The grape: Sangiovese

The history: Producer of pedigree remembers its past but has a foot firmly cemented in the present

The lowdown: The Poliziano VNM had been closer to the $30 mark since 2004. This is a great vintage IMHO. Don’t miss it.

The food match: A great steak (Porterhouse or Rib-Eye) on the BBQ with Kosher salt, pepper and extra-virgin olive oil.

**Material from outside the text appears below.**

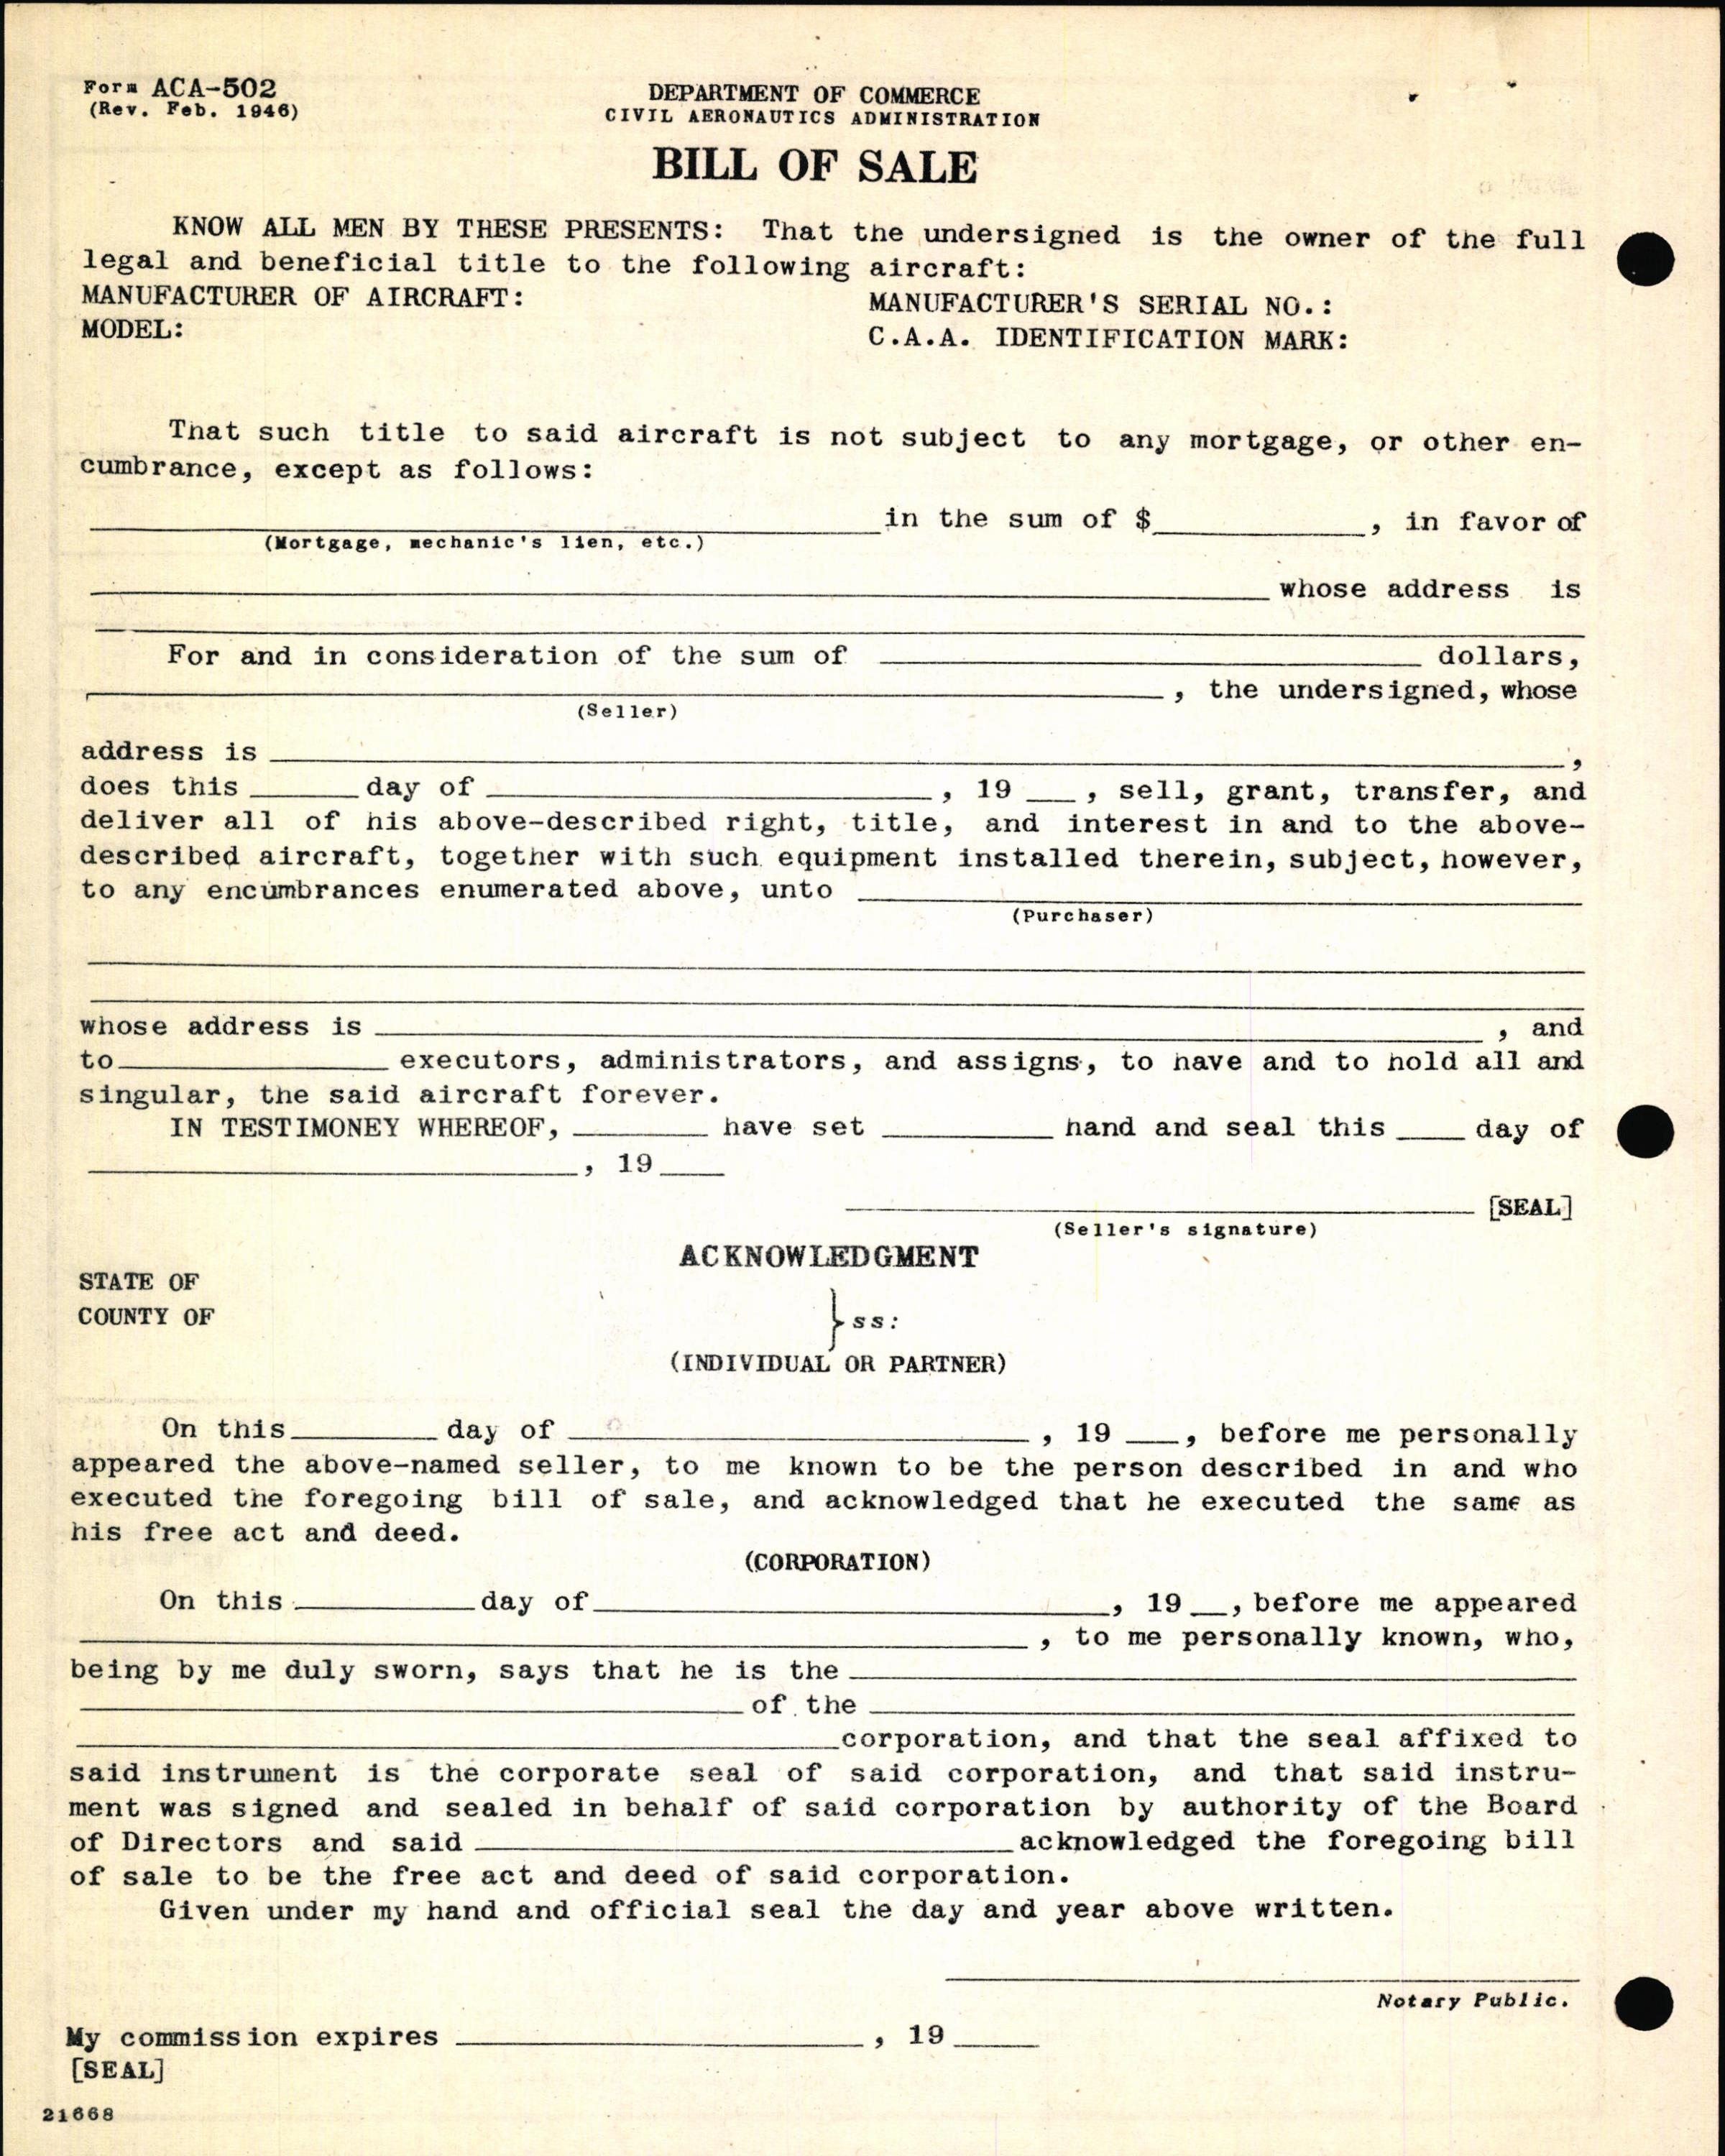 Sample page 6 from AirCorps Library document: Technical Information for Serial Number 1247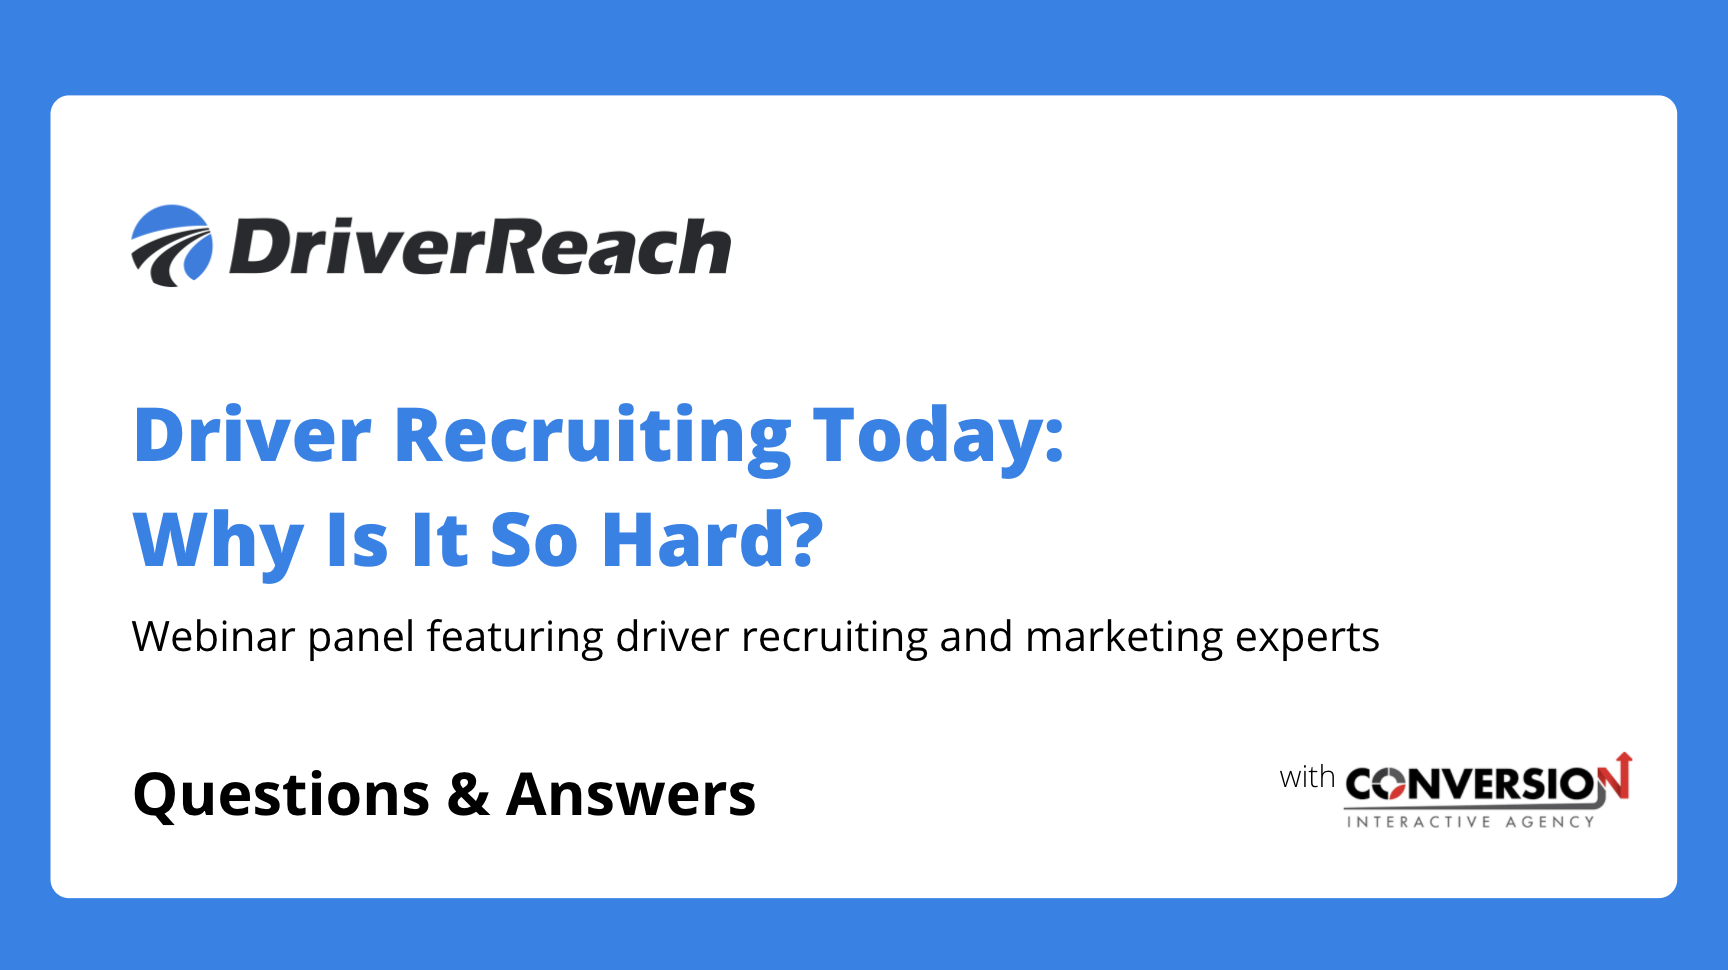 Webinar Q&A Part II: Driver Recruiting Today: Why Is It So Hard?

Poliziano Vino Nobile Di Montepulciano 2007 (988055, $25.95) should never be ignored. Does VNM get any better than this? Circumnavigates the Tuscan code, both ancient and modern. Assigns meaning to anagogic red fruit and flashes like a solar flare. Puzzling paradox of transparency and rich tinct. Chianina Bovi strength will need aeration or five plus years to relax.  90

The Splurge Wines

The grape: Chardonnay

The history: Ed Spragia was the winemaker at Beringer. His personal Chardonnay is biscuitous but good CVR**

The lowdown: This release adds an emphatic notch on the side of fair pricing

The food match: Steamed P.E.I. Lobsters and a twice-baked potato

Sbragia Home Ranch Chardonnay 2009 (52720, $34.95) from on the range in the Dry Creek Valley, “where seldom is heard a disparaging word.” Water-buffalo type comes out to play with buttered corn and elegant oak integration as the muted smell of smoked casks. A nearly $10 price reduction stares down in the face of the California price-fixing, conspiracy theorists.  89

The grape: Pinot Noir

The history: Transplanted Burgundian style shows most true to form in Oregon’s Willamette Valley

The lowdown: This is Lemelson’s most elegant bottling

The food match: Braised, plum glazed and crispy roasted pork bellies

Lemelson Thea’s Selection Pinot Noir 2009 (278721, $36.95) is a beautifully balanced effort. Coal smoke, meed, griottes and comestible tree fruit fragrance. Thyme and sage rubbed through fingers.  Sweet, resinous low country heartbreak.  90

Good to go!

The Wine Diaries: old world reds

Mario Laporta, AFP/Getty Images

Tasting through many wines in a short time requires focus. While it would not be considered stressful or difficult, the test is something I would wish for all my friends to try. Steadfast loyalty in regard of wine everywhere is my impetus behind these  ‘Old World’ tasting notes, that is, from Europe.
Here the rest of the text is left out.